RECORDS TO USE ▸

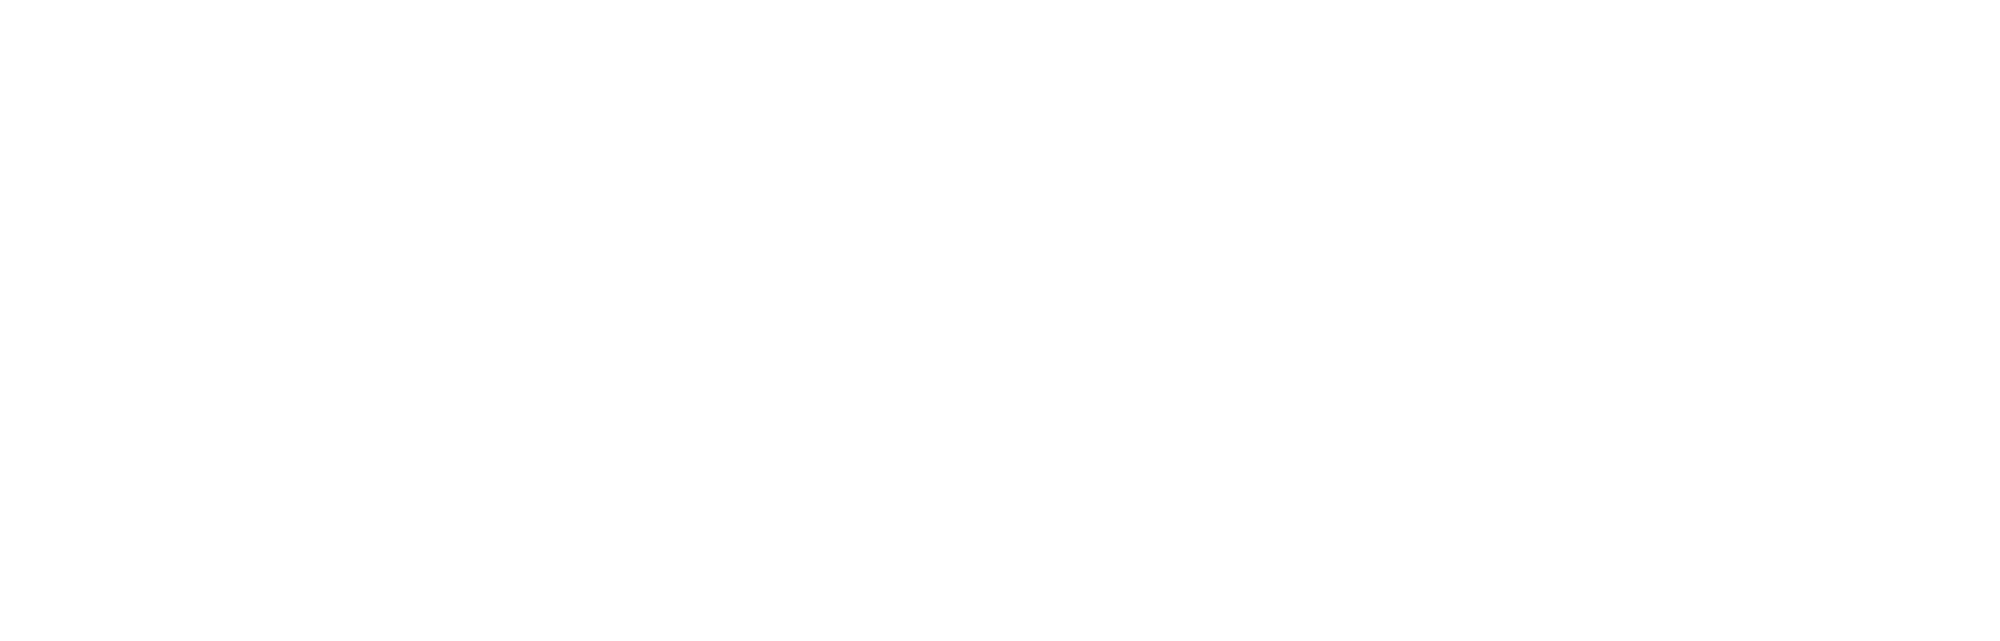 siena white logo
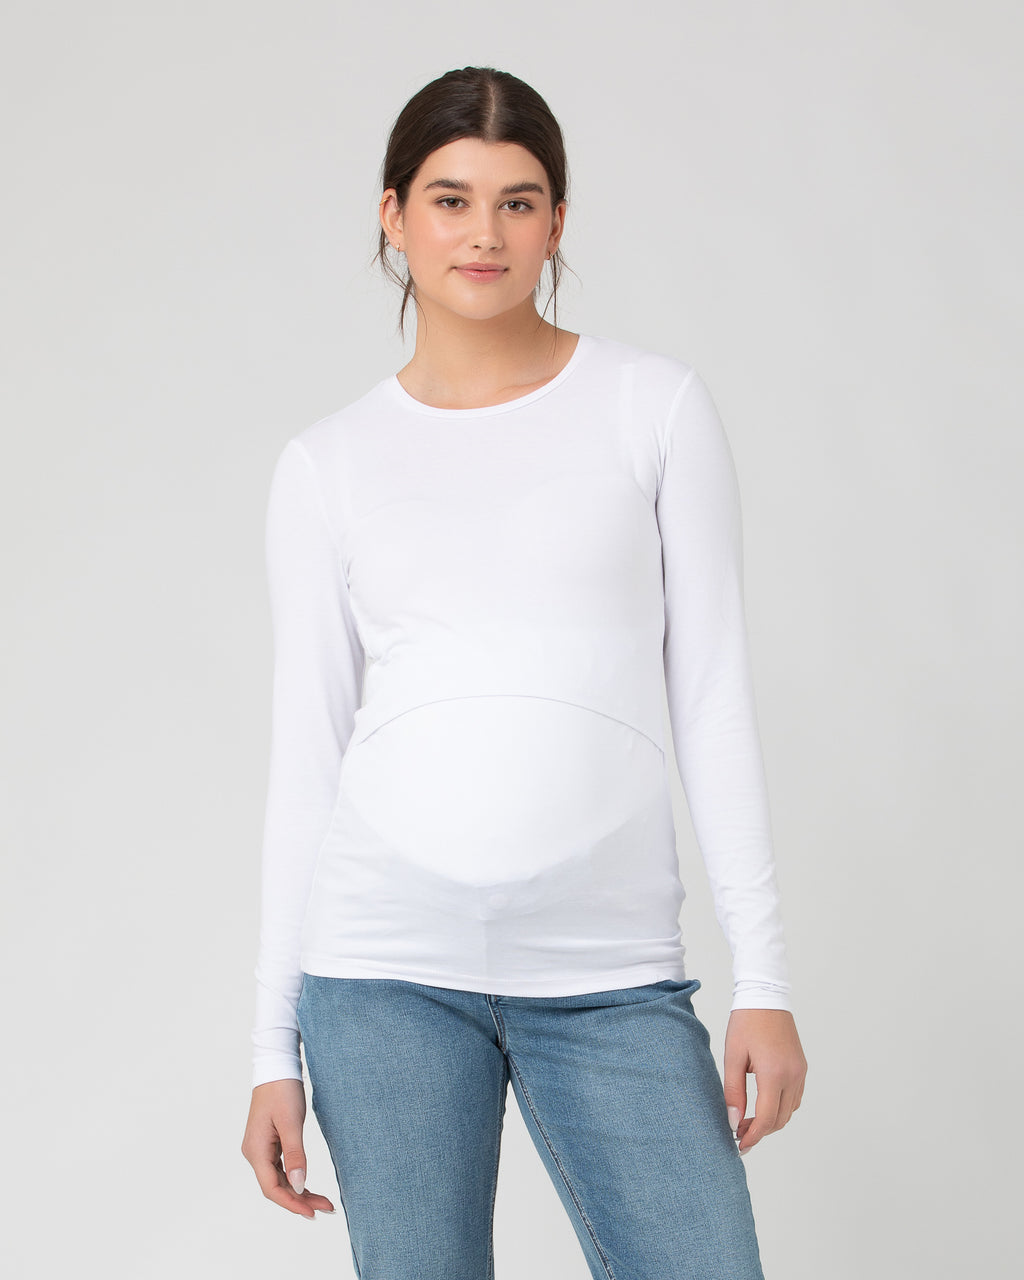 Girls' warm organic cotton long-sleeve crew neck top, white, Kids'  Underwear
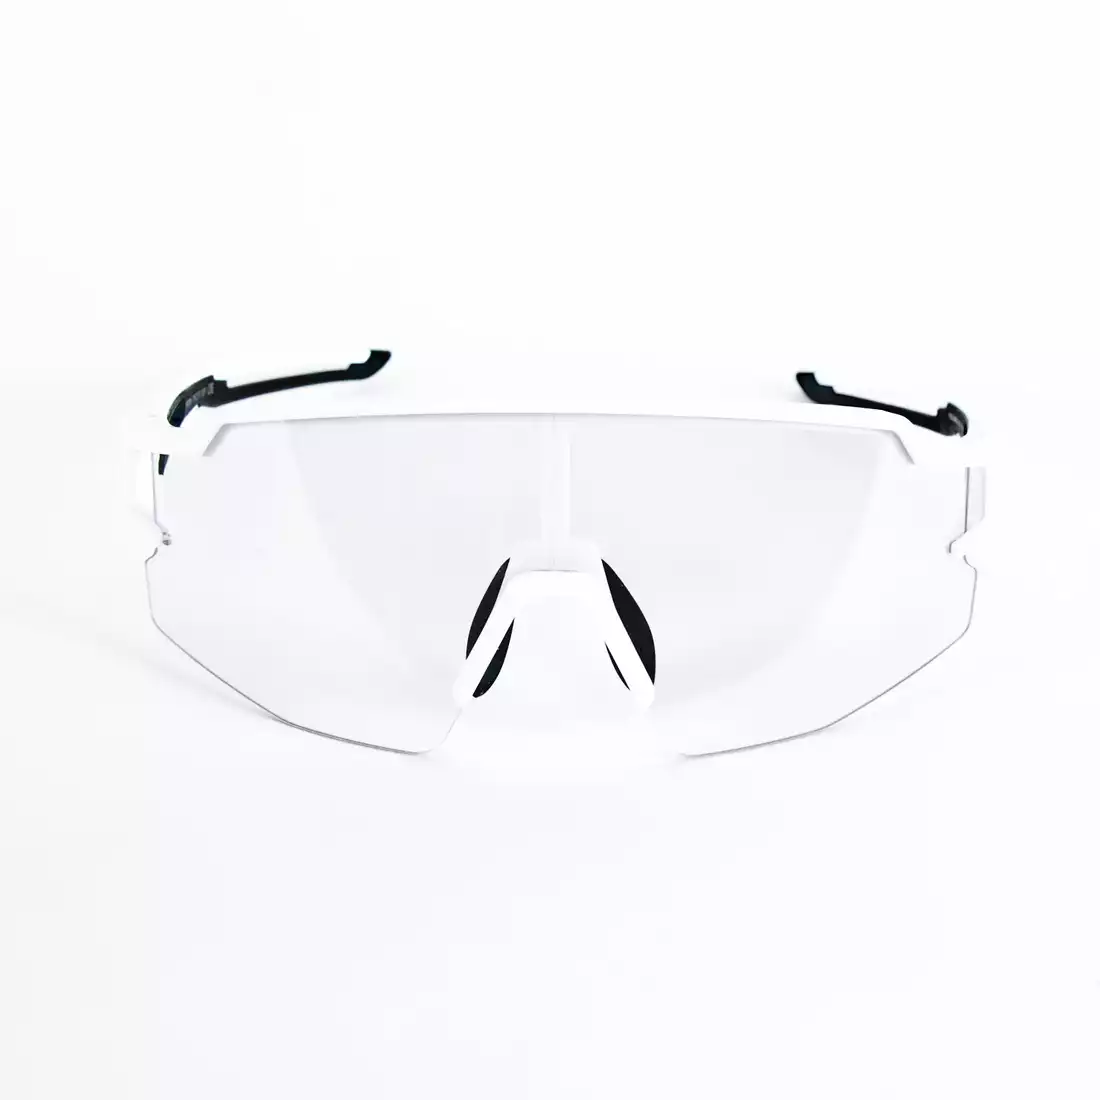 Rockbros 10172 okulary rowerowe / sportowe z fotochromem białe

* * *

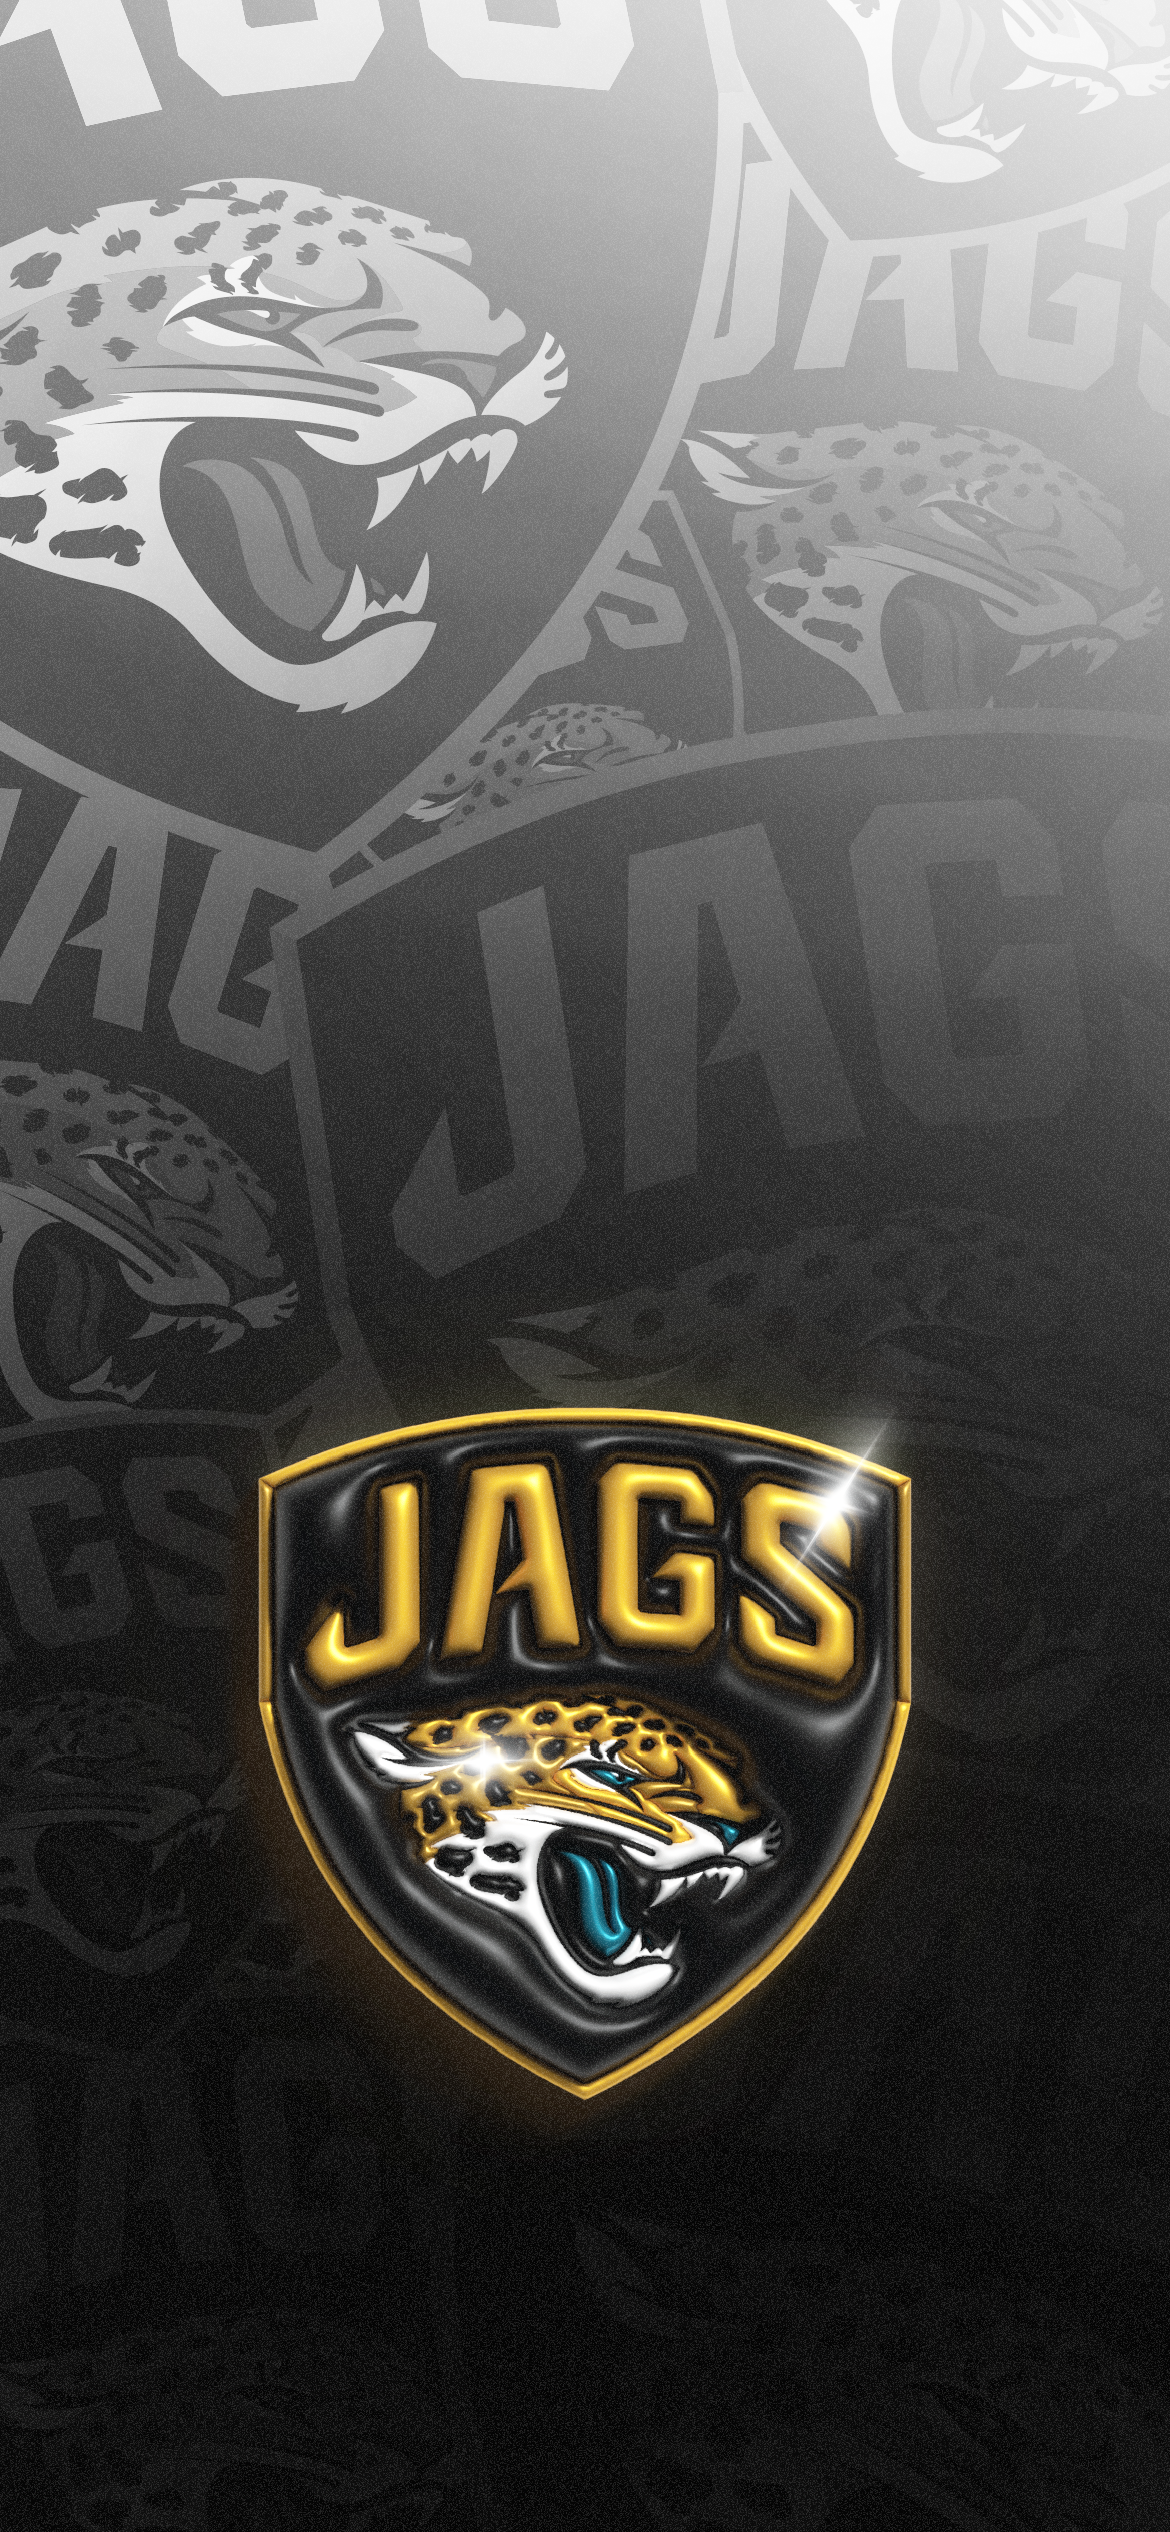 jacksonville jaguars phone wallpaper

PROBLEM REQUIREMENTS ▸
Having found the line with "Girls' warm organic" and the line with "Rockbros 10172 okulary" in the material above, write out exactly those two and every line between, leaving the pictures out.

ANSWER BOX ▸
 Girls' warm organic cotton long-sleeve crew neck top, white, Kids'  Underwear
 Rockbros 10172 okulary rowerowe / sportowe z fotochromem białe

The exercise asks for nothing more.